With political season in high gear, reputation management seems to be getting a bit more press than usual. For real estate professionals, many of whom rely very heavily on their "personality brand" — not to be confused with personal brand, I’ll get into that in another column — reputation management is always high on the list of things to worry about late at night.
The trouble with reputation management, as a service, is that it typically is applied too late, too thinly and without enough conviction.
While some of my friends in the industry might add "just like so many efforts in real estate," I refuse to go there. Plenty of real estate practitioners approach their actions strategically. Painting the entire industry with the same broad brush doesn’t help, rather it gives solace to those who should be improving but for whatever reason are not.
To help people improve, when it comes to reputation management, I’ve made a list of things that aren’t reputation management.

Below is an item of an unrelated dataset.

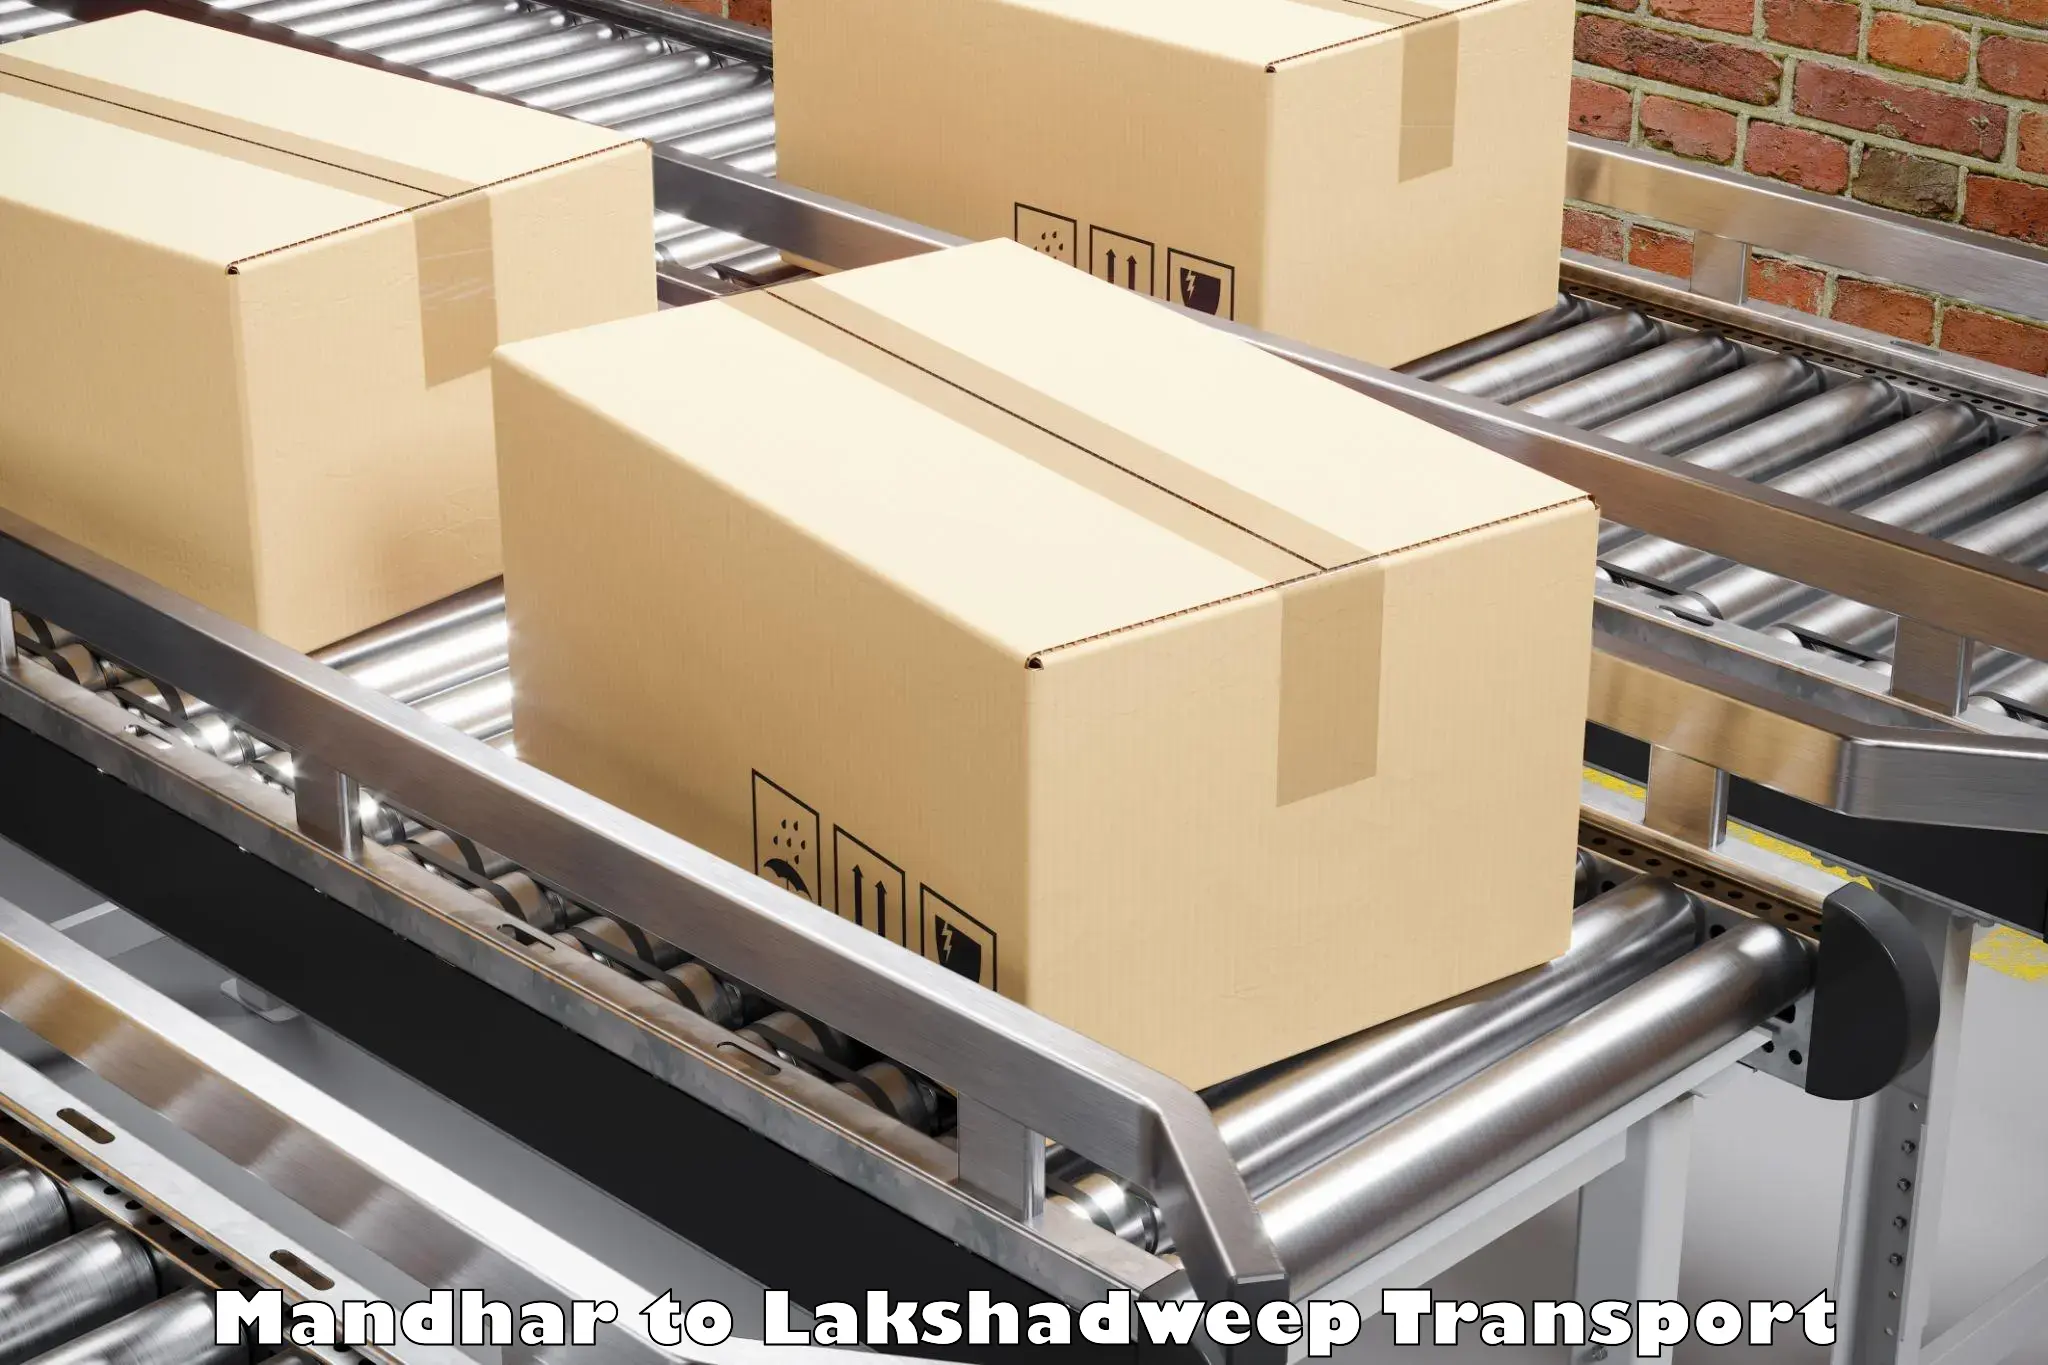 Pick up transport service Mandhar to Lakshadweep

Here it is:
1. Setting up Google Alerts to watch for your name.
2. Setting up Google Alerts to watch for your company name.
3. Setting up Google Alerts to watch for your competitors’ names.

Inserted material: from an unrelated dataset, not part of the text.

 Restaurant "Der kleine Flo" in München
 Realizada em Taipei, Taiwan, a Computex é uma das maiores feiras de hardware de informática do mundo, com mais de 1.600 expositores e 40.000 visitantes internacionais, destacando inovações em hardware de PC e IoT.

4. Getting a website removed from Google.
5. Checking Yelp reviews three times each day.
6. Contacting the Web host of a website that says bad things about you.
7. Having your lawyers send letters to threaten people.
8. Finding out "who’s behind this."
9. Getting revenge.
10. Hiring people to give positive reviews of you on websites.
11. Hiring people to leave negative reviews of someone else on websites.
12. Creating 15 bland websites that are optimized for your name.
13. Making a single, medium-sized donation to a well-known charity.
14. Expunging your record.
15. Following the letter of the law but not the spirit of the community.
16. Demonstrating, in comments on a blog or on Yelp, how someone else is obviously an idiot.
17. Being sarcastic.
18. Being ironic.
19. "Just kidding!"
20. Being sorry that people misunderstood what you really meant to say.
21. Making up for harm done to party/person/group A by giving donations to party/person/group B.
22. Hacking a Web server.
23. "Sending a large amount of traffic" to a Web server.
24. Explaining instead of demonstrating.
25. Complaining about what is fair.
26. Calling someone a liar without clear, well-documented, presentable-in-a-court-of-law evidence.
27. Calling someone a liar when they buy their pixels by the barrel.
28. Causing a "distraction" from the thing that you don’t want people to see.
29. Not changing anything about how you do things.
30. Throwing money at the problem and hoping it goes away.
31. Asking your friends what they think you should do.
32. Not asking respected advisers what they think you should do.
33. Calling the cops.
34. Calling the newspaper.
35. Calling the lawyers.
36. Calling your friend the well-known, red-meat-eating blogger.
37. Calling your friend with a lot of Twitter followers.
38. Calling your friend with a huge Facebook following.
39. Calling the boss of the person you perceive as having damaged your online reputation.
40. Not responding to something because the person/publisher/site isn’t that important.
41. Responding to every little thing in extreme detail.
Managing your online reputation may incorporate many of the items above (hopefully not any of the illegal ones though). But if it does, chances are you’re walking down a very, very narrow path to a very, very specific outcome that poses incredible risk to you, your livelihood and the livelihood of those who associate with you.
As I mentioned before the list, most responses to an online reputation management threat are too late, too thin and lack conviction. Now that we have the laundry list of not-very-good tactics out of the way, let’s quickly review the minimum basics — the table stakes — for avoiding the three pitfalls.
Most people worry about online reputation only when something negative appears about them in a search result. By this time, it’s too late. If, out of 10 search results available for your name, a single negative result is so powerful that your company/personality narrative is thrown into disarray, then you didn’t care enough to begin with.
If you think that your online reputation will be important, then start now. Start by crafting your narrative and demonstrating it in as thorough a manner as possible. This alone will minimize danger from any online reputation threat.
If you want to get rid of a negative result in a search engine, doing one thing for a couple weeks isn’t going to resolve it. In fact, once a reputation management firm knows that you have a problem, you may be at increased risk depending on the scrupulousness of the firm.
Some actions have a strong effect for a short period of time. This means that their effect wears off. And eventually you’ll be back where you started.
Remember, there are a minimum of 10 links on the search engine result for your company or personality. Doing something to have an impact on only one of those slots will not be enough. Doing something temporary will also not be enough unless you want to budget that action into the future on a permanent basis.
Not enough conviction
Having an online reputation problem provides you with a unique opportunity. Suddenly, it makes very clear business sense to engage in a variety of good activities you may have wanted to do for some time.
Don’t miss that opportunity. Don’t shirk it. Don’t shortchange it. Take the opportunity to get deeply involved in some mission or community and make a positive change.
Gahlord Dewald is the president and janitor of Thoughtfaucet, a strategic creative services company in Burlington, Vt.